Did the Judge err in her application of the accident compensation legislation?

  1. If Ms Taylor has cover for the mental injury she suffered under the accident compensation scheme, then even if her claim is in time (as Brown and Clifford JJ hold) she would not have the right to sue for compensatory damages, only exemplary damages.  Conversely, if there is no cover, there is a right to sue for compensatory damages as well.  There have been three relevant iterations of the accident compensation legislation and Ms Taylor says she does not have cover under any of them.

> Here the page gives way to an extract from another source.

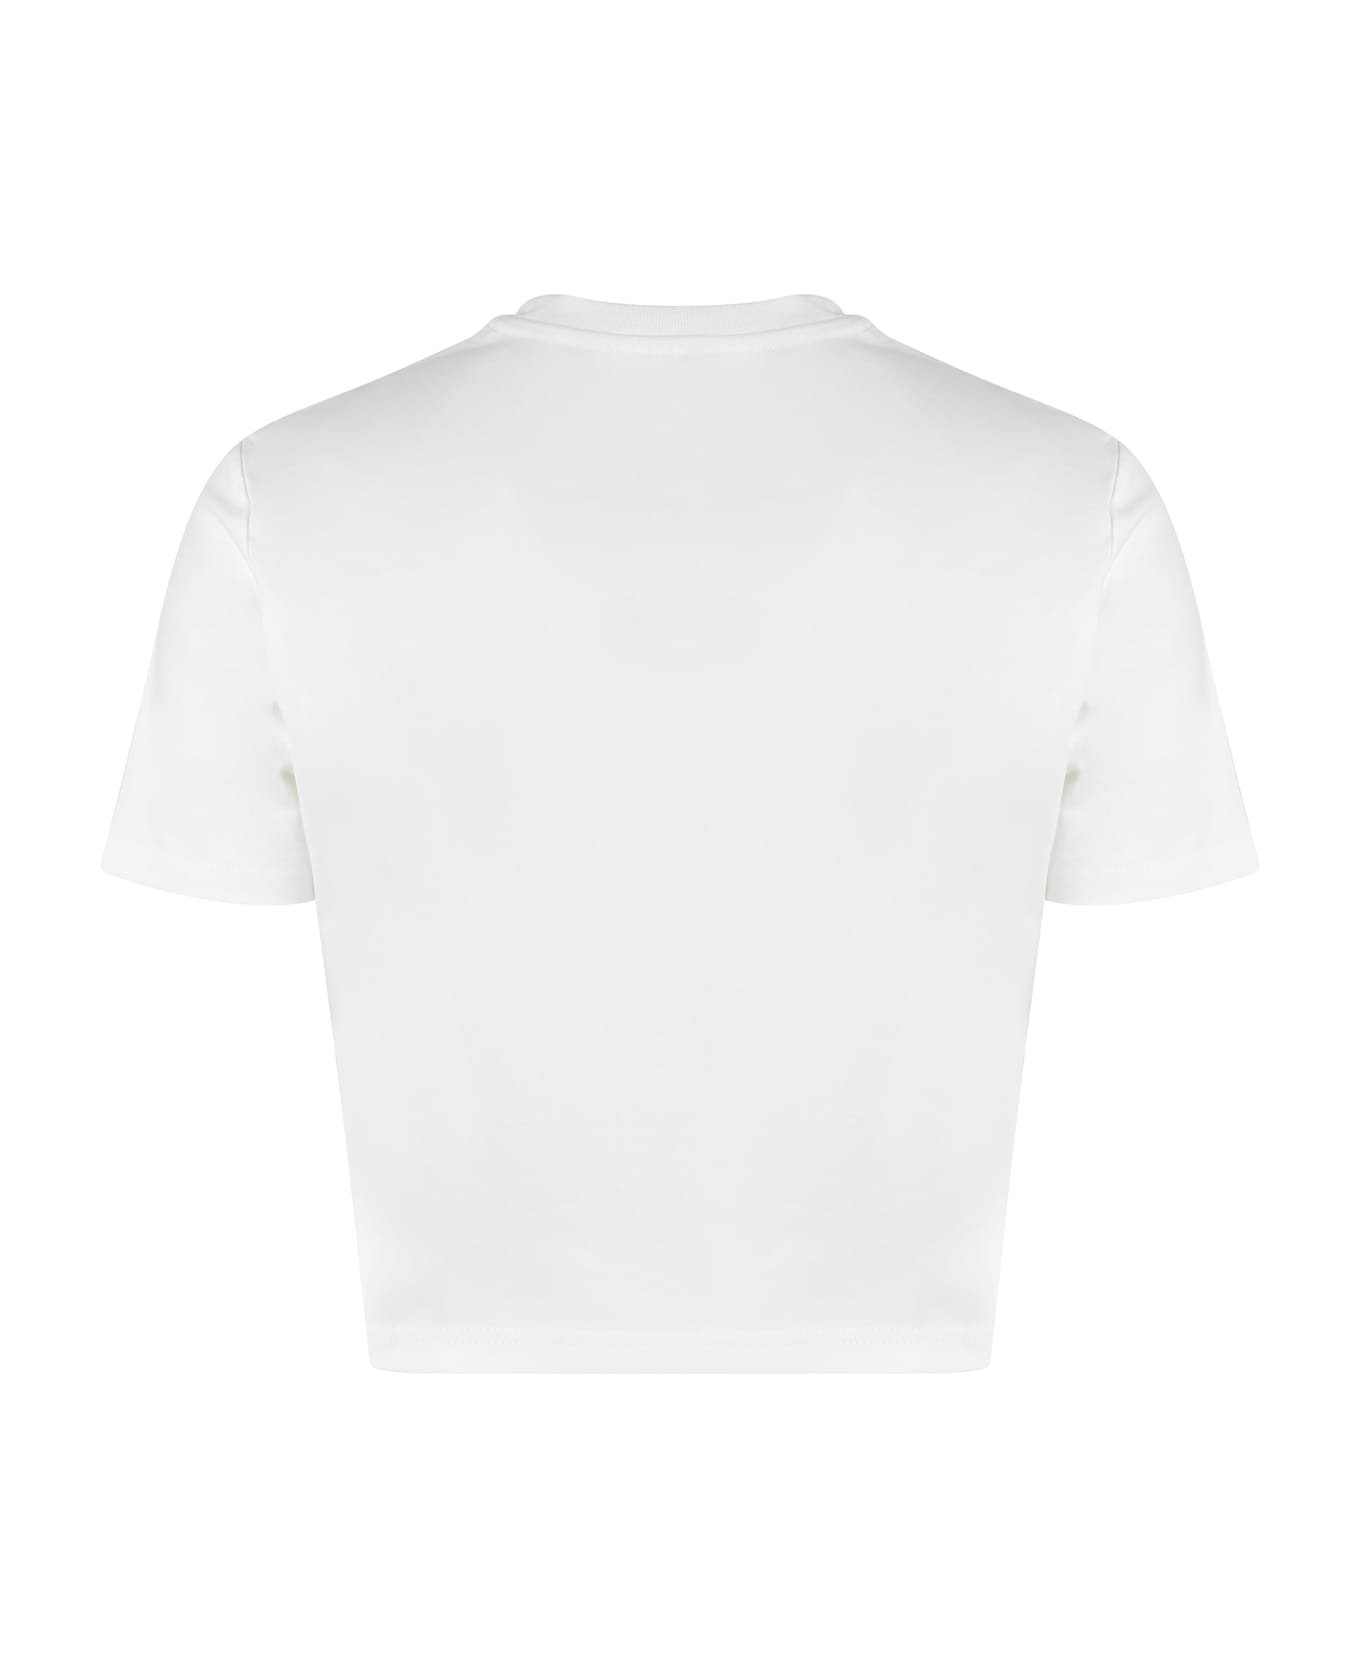 Dickies Maple Valley Printed Stretch Cotton T-shirt - White

  2. Whether she does have cover turns on whether she suffered personal injury by accident within the meaning of the accident compensation legislation.  Although in everyday language an assault (unlike negligence) would not be considered an accident, it is well established that physical and mental injuries caused by intentional assaults or batteries are personal injuries by accident from the point of view of the victim.[34] False imprisonment on the other hand is a special category and I put that to one side, returning to it at [151].

    [34]Willis v Attorney General [1989] 3 NZLR 574 (CA) at 576–577; and Green v Matheson [1989] 3 NZLR 564 (CA) at 571–572.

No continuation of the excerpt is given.